Some rare examples of 'real' Gothic surprise and delight us, but serve to confuse us further with how they got there. In Los Arcos the carved bays of the Gothic cloister are like fresh water after the Iglésia de Santa María's interior, where not an inch of the surface has been left unpainted or ungilded. The Iglésia de Santa María de Palacio in Logroño has a spikey steeple that is straight from Senlis in northern France. The wonderful Monastery of Santa María la Real in Nájera is rooted deeply in late Gothic and given its royal inheritance is a showpiece of humourous and naturalistic wood carving, in the darkly patina'd miserichords of the raised choir under roof vaults that are from the peak of Gothic conception.

Suddenly, in Burgos, there is a whole Cathedral whose external appearence, at least, is the direct cousin of northern French Gothic, from spiked steeple to arcade of kings.

But too often the bling of Baroque swept into these buildings and landed, gilded custard pie-like onto the Romanesque or Gothic structures. We had to peer hard to detect the good bones of the original under the cellulite ripplings of the seventeenth century in such places as the Iglésia de Santa María in Los Arcos, the Cathedral in Logroño or the many churches in Pamplona. Yet familiarity can sometimes confuse the senses and kill taste. With constant exposure we start to compare and make judgements. There are even moments when we think "it works", like in Puenta la Reina where somehow the austerity of the original church allowed it to carry the Baroque altar as an addition not an imposition.

Walking in half way through Mass in Navarette, I realised the service was in French and found myself giving the responses with everyone else, so stayed. As a fellow pilgrim, it appears the priest says Mass in the local church wherever he stops each night. There he stood in his white triangular robes with strips of gold in front of that soaring gold cacophony of an altar that is punctuated by vividly-painted statues of saints and apostles rising ever upwards. And for the first time I saw how it fitted. The priest with the outdated clothes and the over-the-top altar complimented each other in the same sense of mystic ceremony.

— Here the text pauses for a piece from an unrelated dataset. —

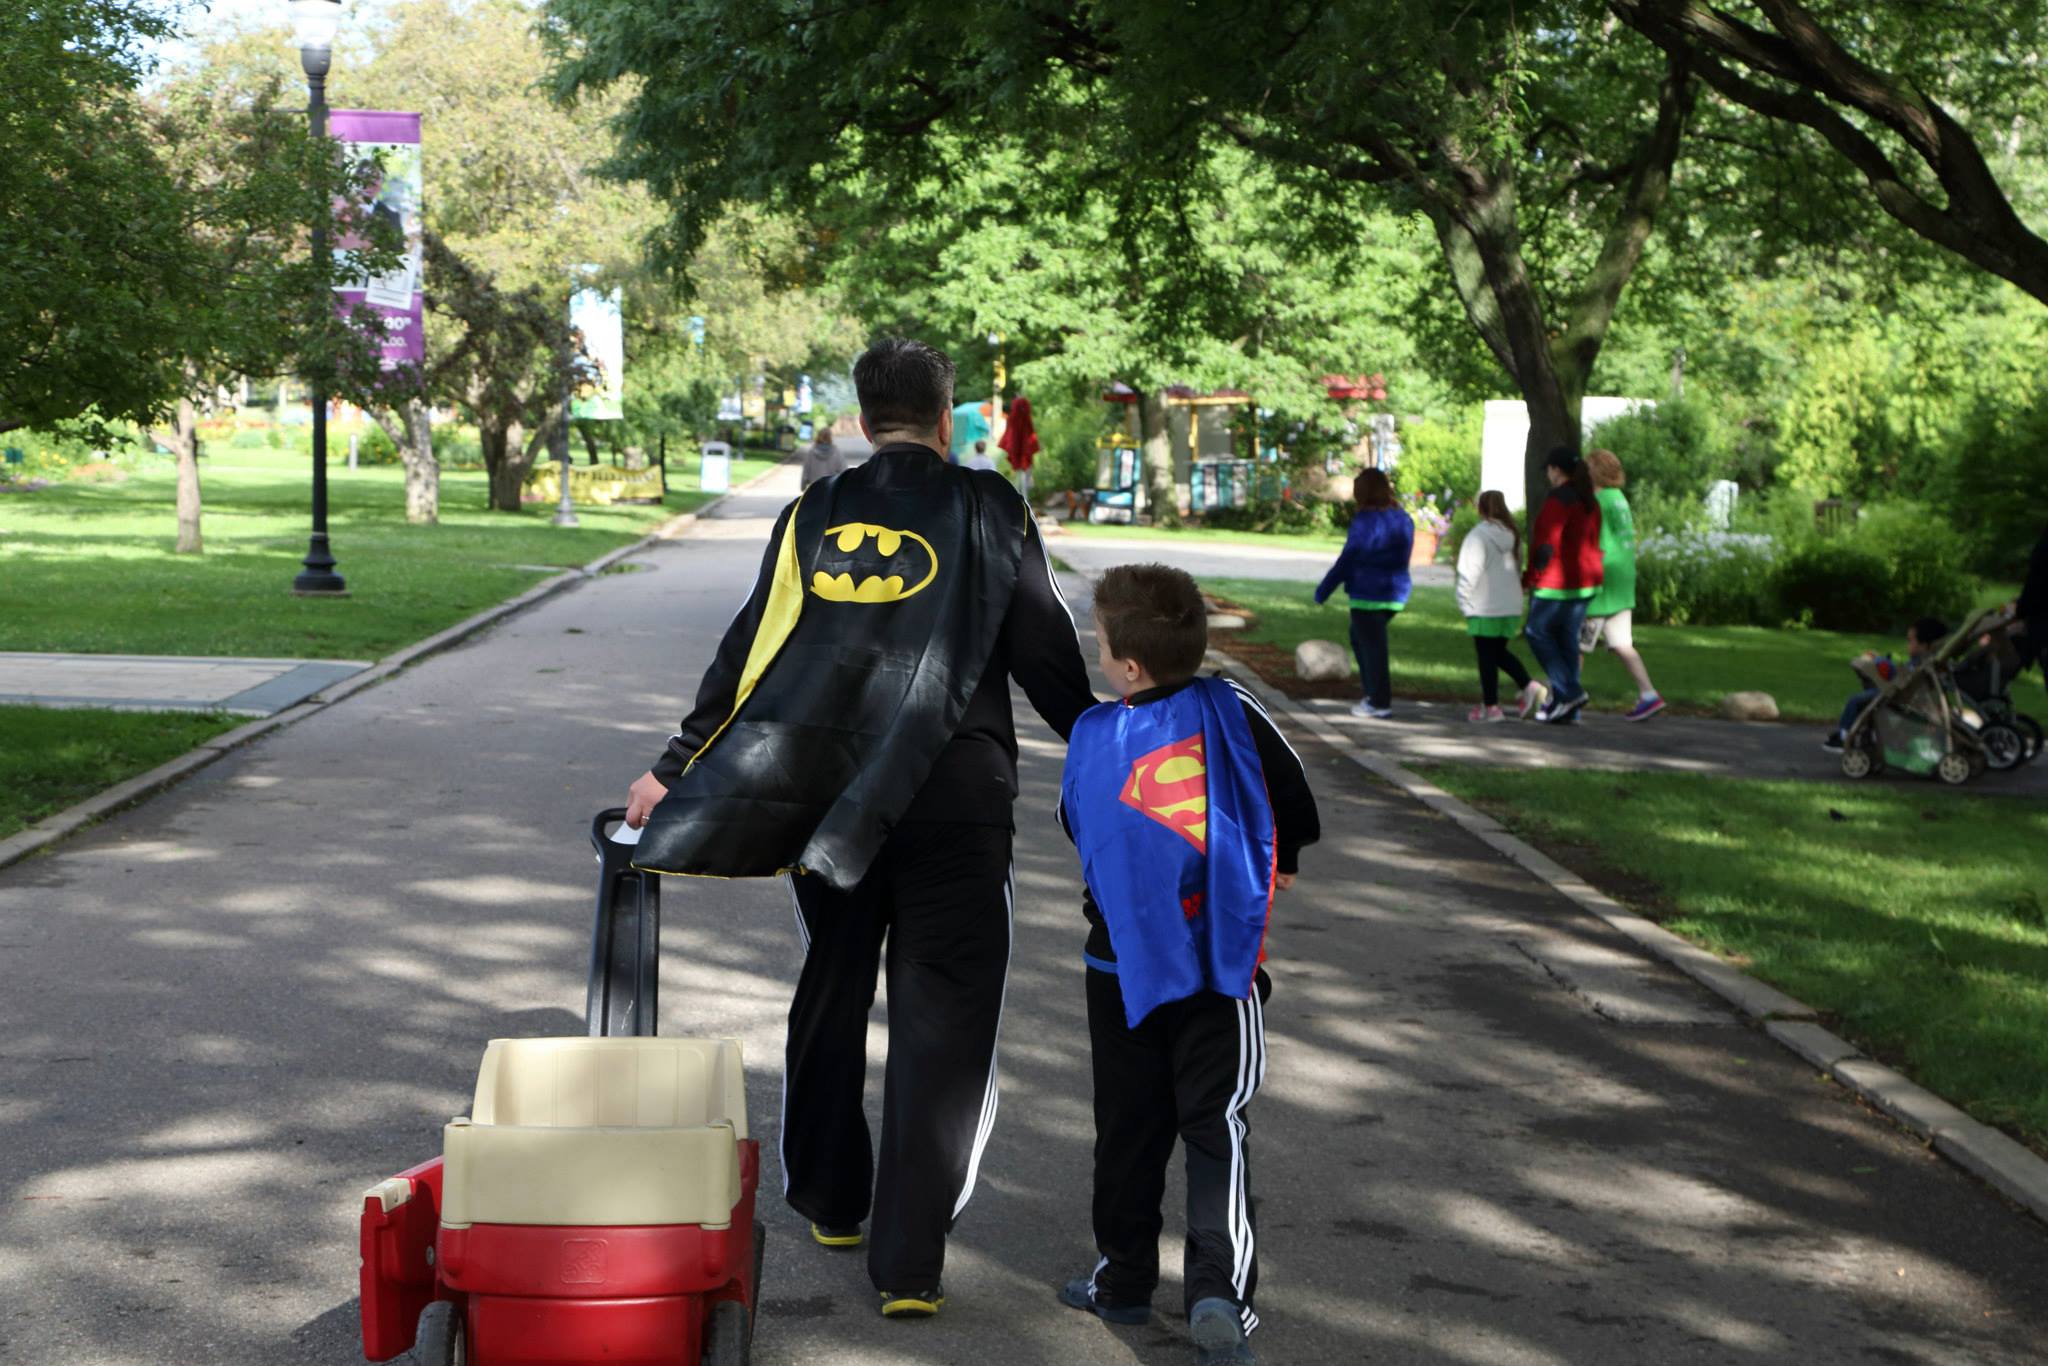 2nd Annual Autism Hero Family Walk Held July 31st Celebrates Michigan's Autism Heroes
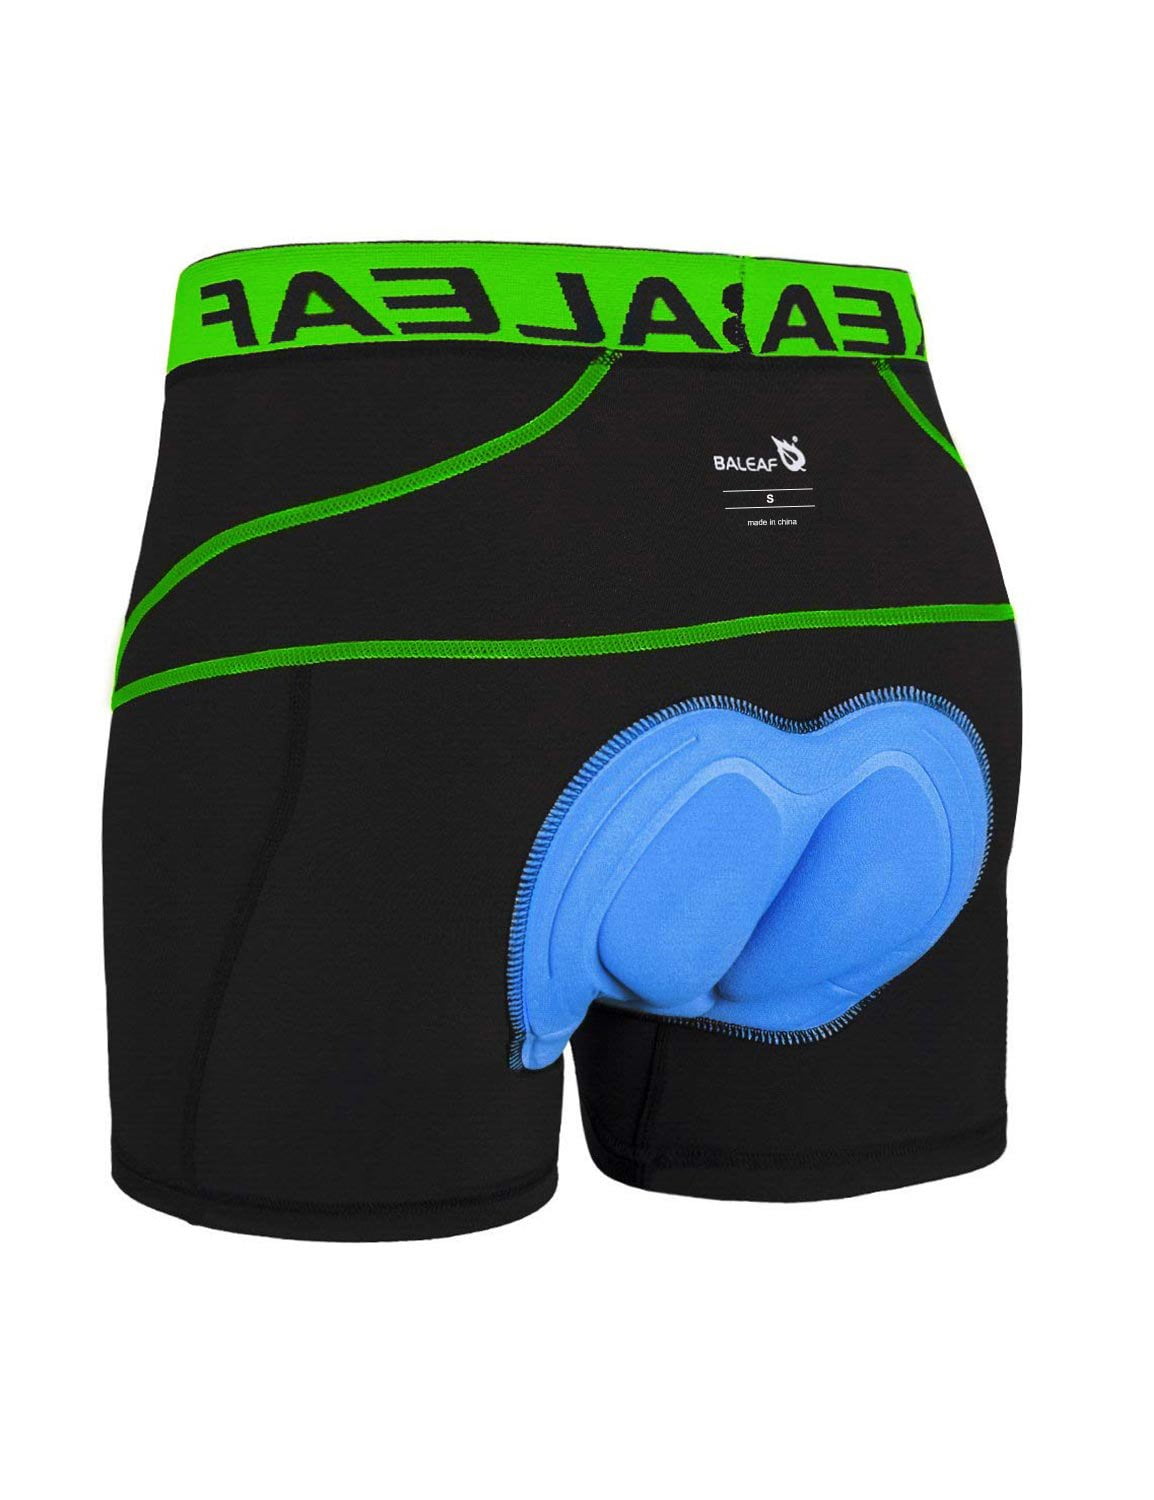 Men's 3D Gel Padded Bicycle Cycling Shorts Bike Riding Underwear Soft Gift UK

But in the face of the very ostentation of these churches the protestant roots of me rebelled. Bowing every time the priest mentioned Mary, Jesus or God reminded me of the rocking of Muslim or Jewish responses to words spoken; although in those religions I find nothing wrong with the idea. But saluting Mary first? No.

And the socialist roots in me couldn't accept that only the priest could taste the wine, quaffing deeply and rubbing the chalice with linen so every speck of red was removed from the danger of being touched by the populace. The rest had to be content with dry wafers. Jan Huss, where art thou? What happened to the right for everyone to commune "in both parts"? The self-satisfied trumpet blowing of Baroque gold must surely have lit the fires of both protestantism and revolution.